• Tidak ada hasil yang ditemukan

Perkembangan pada Abad ke-19

Dalam dokumen Filsafat dan Sains.pdf (Halaman 125-128)

Sejarah Ilmu Pengetahuan

2.4 Perkembangan pada Abad ke-19

Perubahan yang terjadi di dalam ilmu pengetahuan dan teknologi pada abad ke-19 sangatlah mengagumkan. Dekade-dekade awal abad itu dipenuhi perkembangan pesat di dalam penggunaan tenaga uap, seperti di dalam kereta api, pabrik-pabrik, serta kapal laut bertenaga uap. Pada 1830, bentuk energi lain telah ditemukan dan penemuan ini memberikan sumbangan yang sangat besar bagi ilmu pengetahuan, yakni energi listrik.

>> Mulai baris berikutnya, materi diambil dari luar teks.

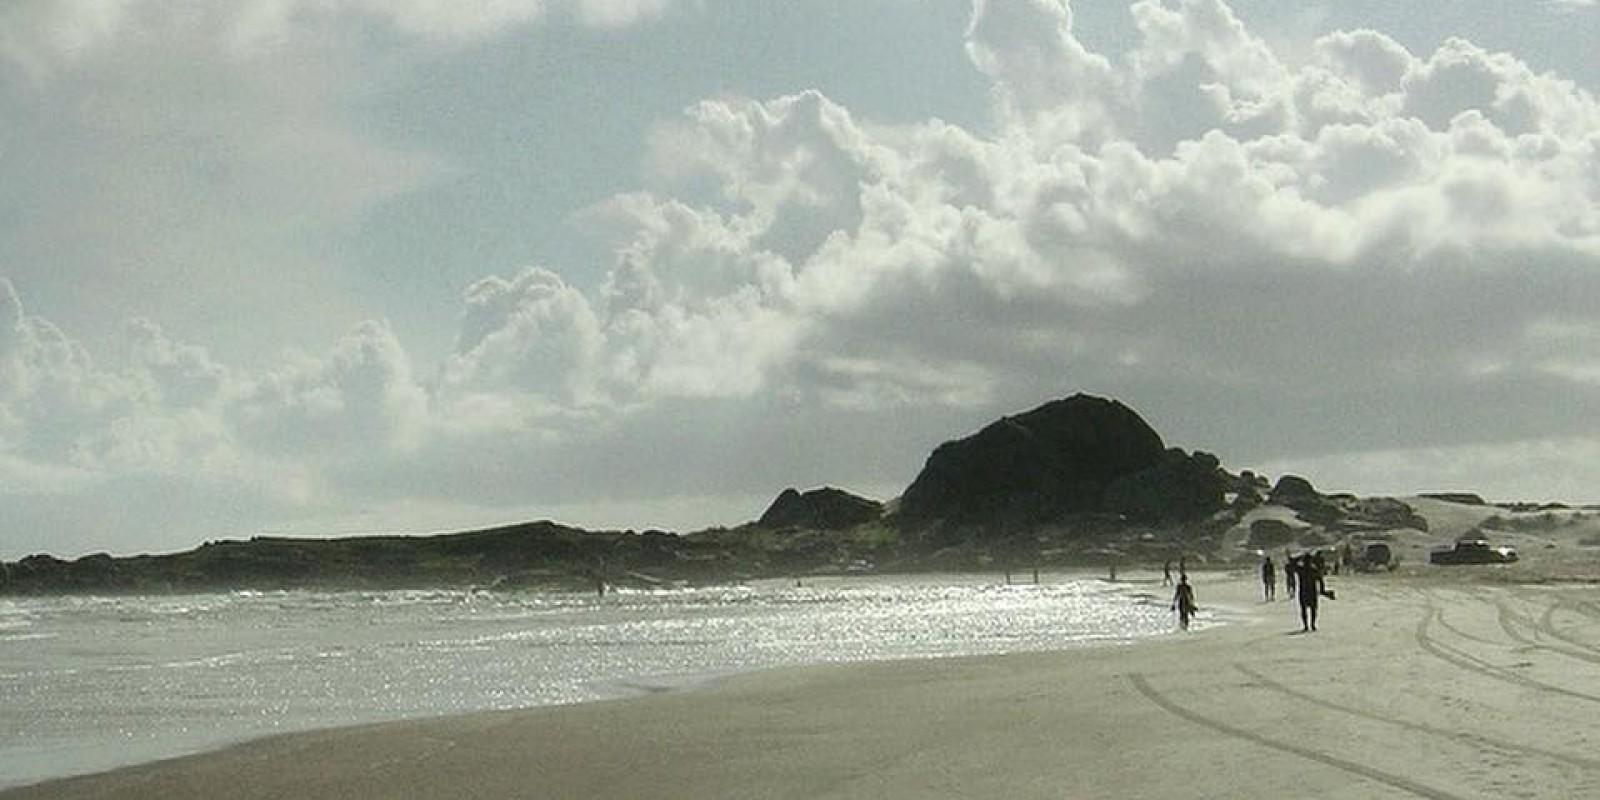 Jovem desaparece na praia do Ipuã, em Laguna
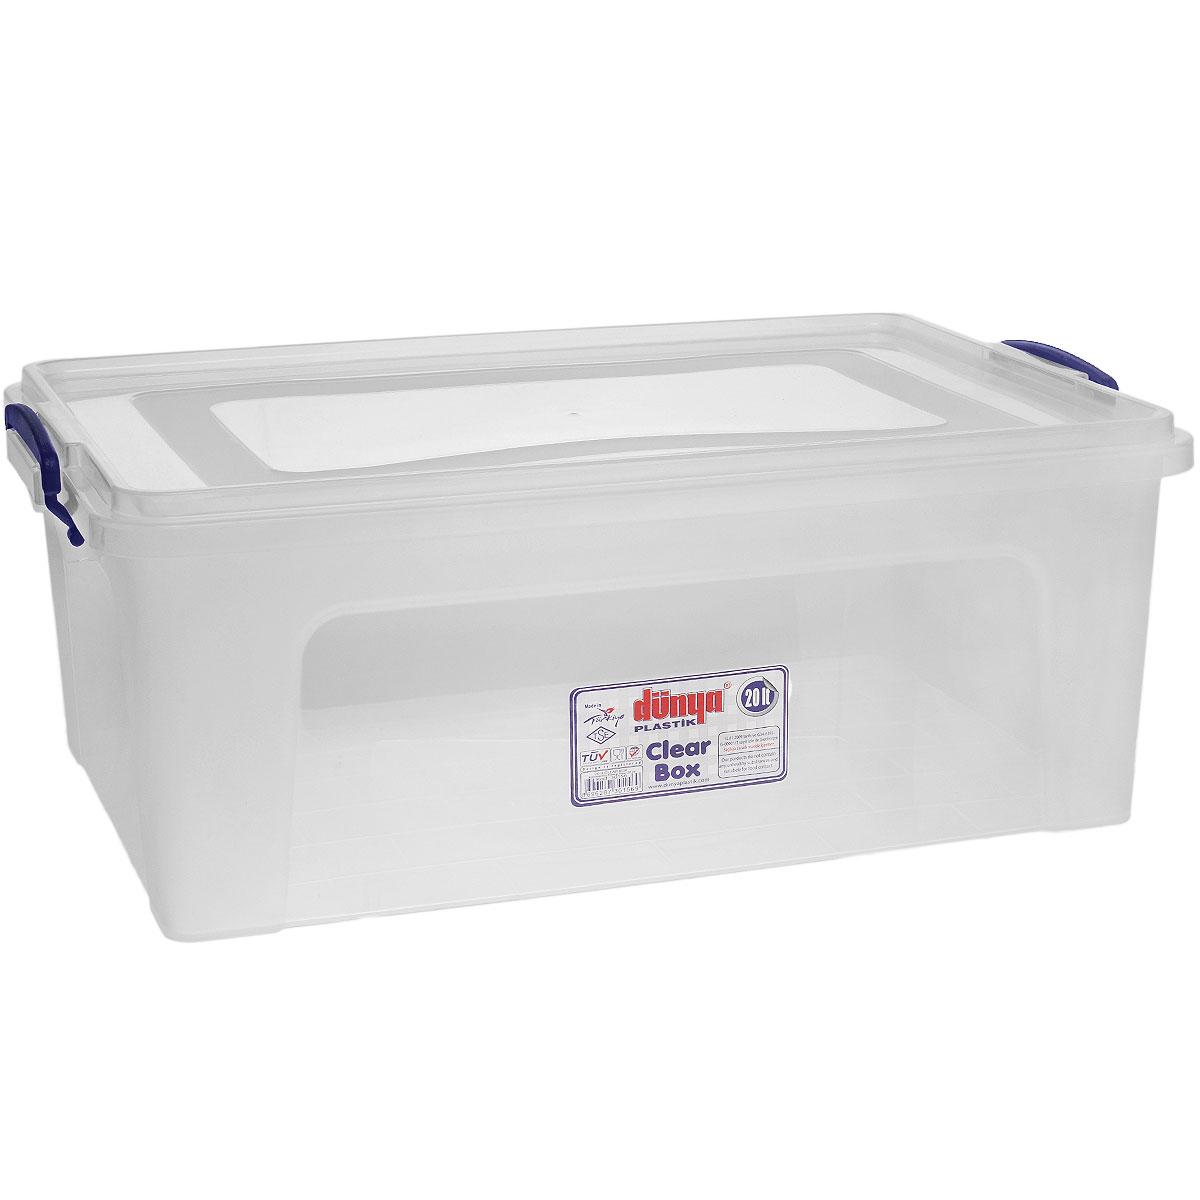 Контейнер Dunya Plastik Clear Box, цвет: прозрачный, 20 л30156Контейнер Dunya Plastik Clear Box выполнен из прочного пластика. Он предназначен для хранения различных мелких вещей. Крышка легко открывается и плотно закрывается. Прозрачные стенки позволяют видеть содержимое. По бокам предусмотрены две удобные ручки темно-синего цвета, с помощью которых контейнер закрывается. Контейнер поможет хранить все в одном месте, а также защитить вещи от пыли, грязи и влаги.

Penemuan dinamo dan motor mempermudah transportasi. Telegram elektrik memungkinkan komunikasi lintas negara. Kedua hal tersebut mulai aktif beroperasi sejak 1866. Kemudian, dengan penemuan telepon oleh Bell pada 1876 dan radio oleh Marconi pada 1895, dunia mengalami revolusi di dalam bidang komunikasi.

Dengan teknologi telepon, telegram, pelayanan pos, rel kereta uap, pabrik-pabrik, gedung-gedung yang dibangun dengan menggunakan besi, serta kendaraan bermotor pada 1885; wajah dunia telah sungguh-sungguh berubah. Pada akhir abad ke-19, lama waktu hidup dan kesehatan dapat ditingkatkan dengan meminum obat aspirin ataupun mengecek penyakit dengan sinar x. Kematian juga bisa datang lebih cepat dengan ditemukannya senjata mesin dan kursi listrik. Dari sudut pandang yang lebih umum, perkembangan ilmu pengetahuan dan teknologi ini menjanjikan kemajuan peradaban manusia dan kontrol penuh manusia atas alam.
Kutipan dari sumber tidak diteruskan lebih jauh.